# [Given information]
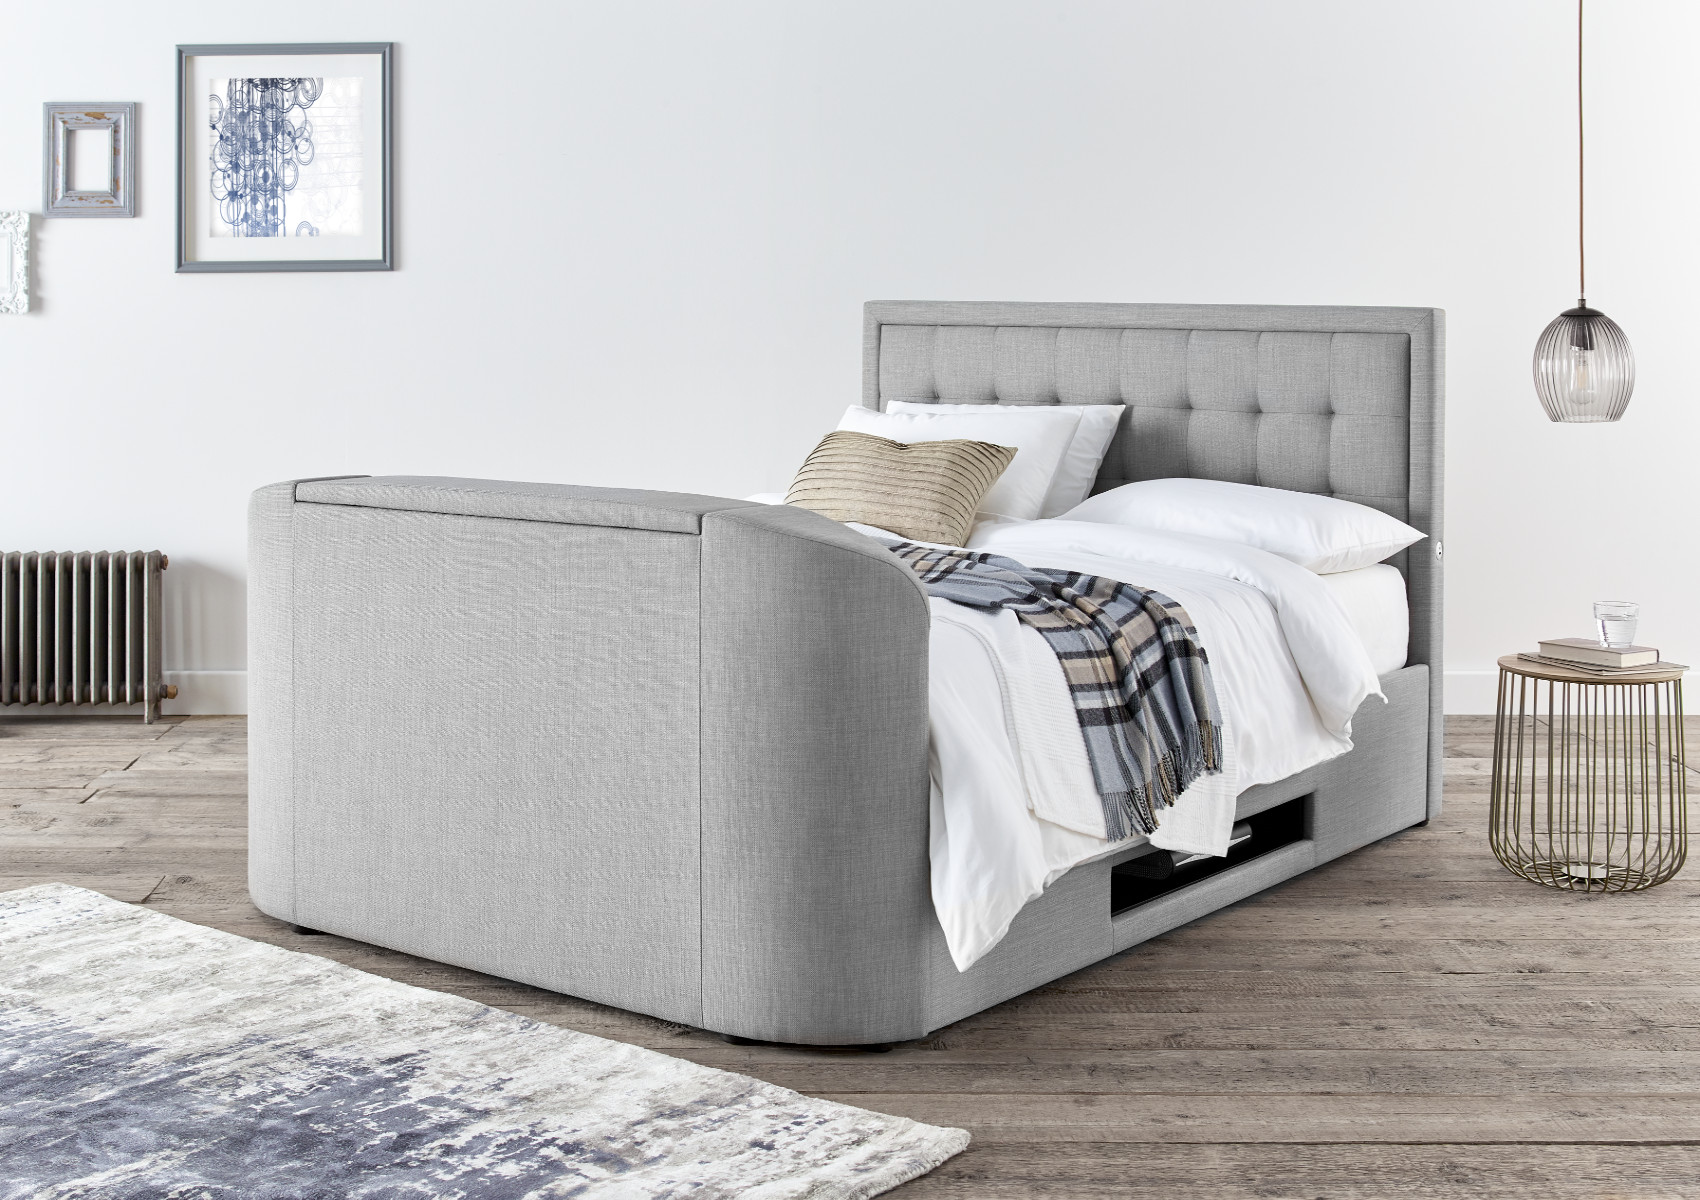 View Carmel Mid Grey Upholstered King Size Multifunctional Ottoman Smart TV Bed Time4Sleep information
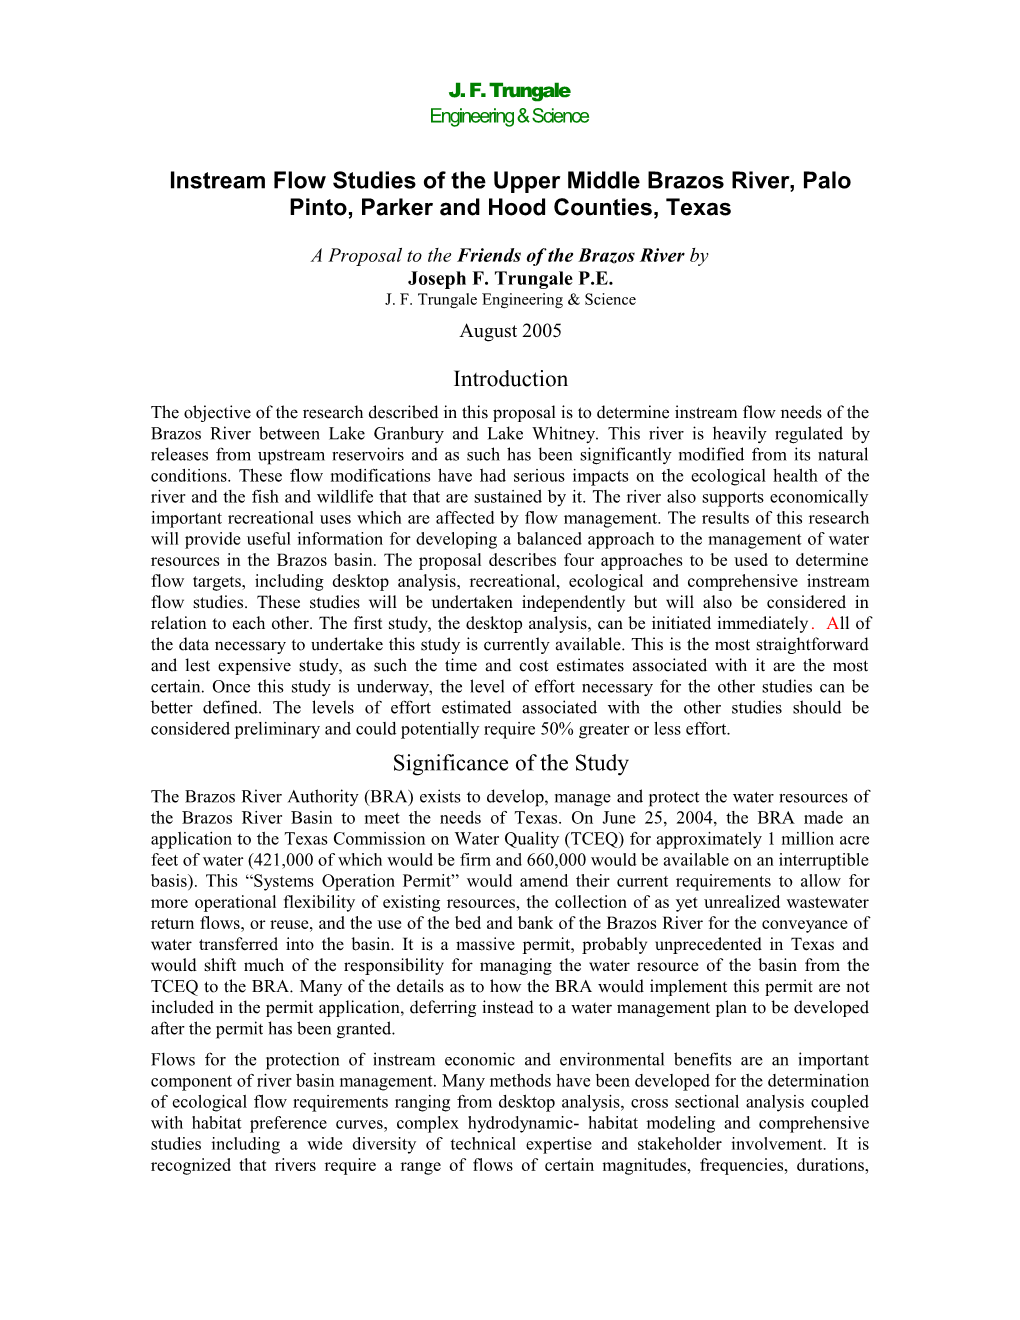 Instream Flow Studies of the Upper Middle Brazos River, Palo Pinto, Parker and Hood Counties
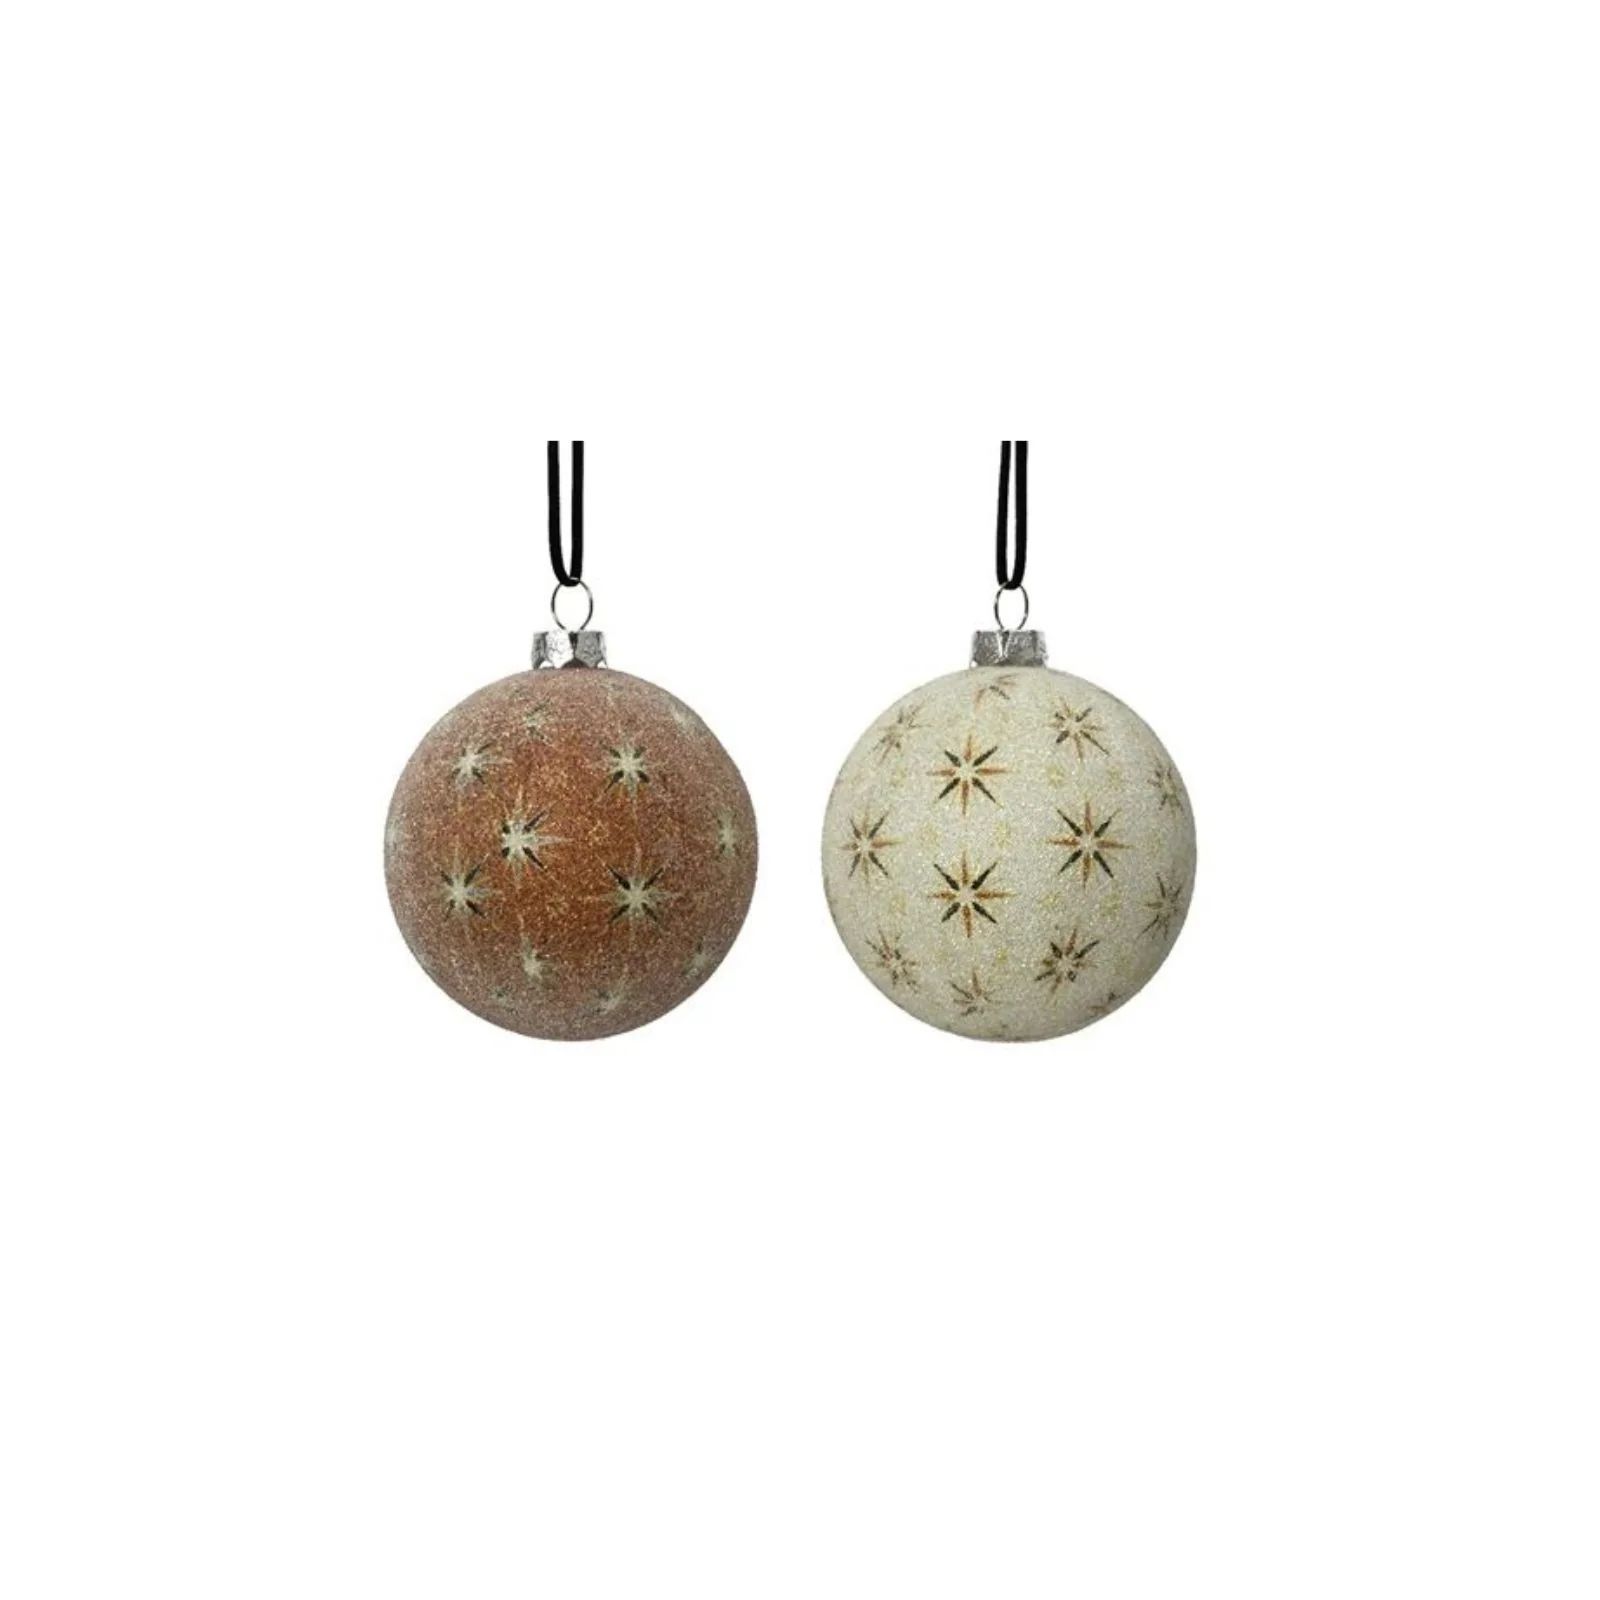 Neutral Beaded Star Ornament Set | Brooke and Lou

# [Aim of the exercise]
Print only the lines from the one with "Instream Flow Studies" through the last line of the data above, exactly and with both ends, and please omit any pictures.

# [Solution below]
 Instream Flow Studies of the Upper Middle Brazos River, Palo Pinto, Parker and Hood Counties
 Neutral Beaded Star Ornament Set | Brooke and Lou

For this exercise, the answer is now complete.